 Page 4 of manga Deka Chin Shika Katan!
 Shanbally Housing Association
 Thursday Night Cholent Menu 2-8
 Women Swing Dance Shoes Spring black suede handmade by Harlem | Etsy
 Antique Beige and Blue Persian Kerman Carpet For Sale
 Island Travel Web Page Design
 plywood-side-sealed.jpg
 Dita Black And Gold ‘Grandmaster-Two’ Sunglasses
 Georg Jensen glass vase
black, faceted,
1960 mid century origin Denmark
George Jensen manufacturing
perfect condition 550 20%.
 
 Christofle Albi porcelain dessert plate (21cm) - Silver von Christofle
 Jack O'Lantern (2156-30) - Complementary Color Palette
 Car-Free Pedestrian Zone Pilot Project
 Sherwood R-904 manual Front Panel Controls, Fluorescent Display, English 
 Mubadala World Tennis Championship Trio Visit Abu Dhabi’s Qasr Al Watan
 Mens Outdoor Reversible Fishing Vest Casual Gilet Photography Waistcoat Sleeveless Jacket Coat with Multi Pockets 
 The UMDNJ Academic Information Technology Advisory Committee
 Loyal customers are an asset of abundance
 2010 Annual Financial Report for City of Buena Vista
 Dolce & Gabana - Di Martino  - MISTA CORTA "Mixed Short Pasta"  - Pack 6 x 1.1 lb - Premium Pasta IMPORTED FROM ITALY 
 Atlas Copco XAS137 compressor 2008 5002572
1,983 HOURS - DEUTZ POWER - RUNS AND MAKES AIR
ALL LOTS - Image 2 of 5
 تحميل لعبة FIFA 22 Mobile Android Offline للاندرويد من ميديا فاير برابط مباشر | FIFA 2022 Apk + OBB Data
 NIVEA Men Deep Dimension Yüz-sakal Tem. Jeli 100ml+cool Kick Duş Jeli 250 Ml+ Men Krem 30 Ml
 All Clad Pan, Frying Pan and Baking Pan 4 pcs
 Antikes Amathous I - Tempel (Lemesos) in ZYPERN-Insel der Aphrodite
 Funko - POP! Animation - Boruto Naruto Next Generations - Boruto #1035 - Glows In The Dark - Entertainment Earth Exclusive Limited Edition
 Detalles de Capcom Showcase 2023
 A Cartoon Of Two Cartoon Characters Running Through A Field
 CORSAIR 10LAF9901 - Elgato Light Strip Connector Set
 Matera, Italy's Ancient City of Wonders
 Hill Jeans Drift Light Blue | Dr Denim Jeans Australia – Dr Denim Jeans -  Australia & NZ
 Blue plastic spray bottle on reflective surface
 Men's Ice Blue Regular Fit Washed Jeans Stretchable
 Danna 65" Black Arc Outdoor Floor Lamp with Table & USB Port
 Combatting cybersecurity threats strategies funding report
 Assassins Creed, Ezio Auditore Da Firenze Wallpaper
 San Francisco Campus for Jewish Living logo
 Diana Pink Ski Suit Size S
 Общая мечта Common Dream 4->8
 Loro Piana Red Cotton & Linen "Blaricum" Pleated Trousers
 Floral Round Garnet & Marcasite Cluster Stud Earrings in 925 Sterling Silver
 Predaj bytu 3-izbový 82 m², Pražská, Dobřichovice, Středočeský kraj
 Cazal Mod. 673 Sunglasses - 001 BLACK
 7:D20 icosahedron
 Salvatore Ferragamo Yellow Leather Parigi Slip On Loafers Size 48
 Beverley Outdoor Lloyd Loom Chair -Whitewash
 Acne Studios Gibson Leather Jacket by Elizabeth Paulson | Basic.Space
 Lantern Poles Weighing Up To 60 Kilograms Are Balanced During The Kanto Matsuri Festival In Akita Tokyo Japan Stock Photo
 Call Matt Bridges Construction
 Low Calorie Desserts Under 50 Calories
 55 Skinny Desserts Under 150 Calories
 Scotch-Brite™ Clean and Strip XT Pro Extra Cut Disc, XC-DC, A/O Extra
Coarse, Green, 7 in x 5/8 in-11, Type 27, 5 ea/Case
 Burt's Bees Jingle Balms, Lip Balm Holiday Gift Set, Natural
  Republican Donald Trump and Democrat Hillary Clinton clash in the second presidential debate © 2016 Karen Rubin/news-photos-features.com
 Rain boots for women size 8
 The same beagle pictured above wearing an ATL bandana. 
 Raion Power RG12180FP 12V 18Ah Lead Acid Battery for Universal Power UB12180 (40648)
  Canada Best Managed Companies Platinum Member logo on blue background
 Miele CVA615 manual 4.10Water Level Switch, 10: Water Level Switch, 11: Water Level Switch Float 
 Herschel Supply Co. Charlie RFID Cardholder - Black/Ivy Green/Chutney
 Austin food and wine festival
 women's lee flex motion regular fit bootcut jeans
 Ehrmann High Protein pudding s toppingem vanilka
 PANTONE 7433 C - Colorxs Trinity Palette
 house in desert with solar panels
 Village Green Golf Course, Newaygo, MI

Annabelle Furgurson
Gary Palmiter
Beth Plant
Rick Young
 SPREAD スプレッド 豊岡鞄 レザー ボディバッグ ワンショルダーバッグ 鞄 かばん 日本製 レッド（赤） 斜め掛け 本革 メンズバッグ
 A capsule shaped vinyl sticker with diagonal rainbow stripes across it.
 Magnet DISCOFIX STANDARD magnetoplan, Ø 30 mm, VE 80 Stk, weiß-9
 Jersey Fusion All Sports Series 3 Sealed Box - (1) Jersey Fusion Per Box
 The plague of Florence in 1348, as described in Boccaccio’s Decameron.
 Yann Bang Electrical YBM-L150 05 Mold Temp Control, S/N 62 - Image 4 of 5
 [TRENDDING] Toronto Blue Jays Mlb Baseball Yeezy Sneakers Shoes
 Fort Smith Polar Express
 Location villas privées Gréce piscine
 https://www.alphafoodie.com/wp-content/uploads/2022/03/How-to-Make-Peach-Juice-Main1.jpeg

> Problem details:
Go line by line through the material above and return each one that includes "Desserts".

> Answer to this problem:
 Low Calorie Desserts Under 50 Calories
 55 Skinny Desserts Under 150 Calories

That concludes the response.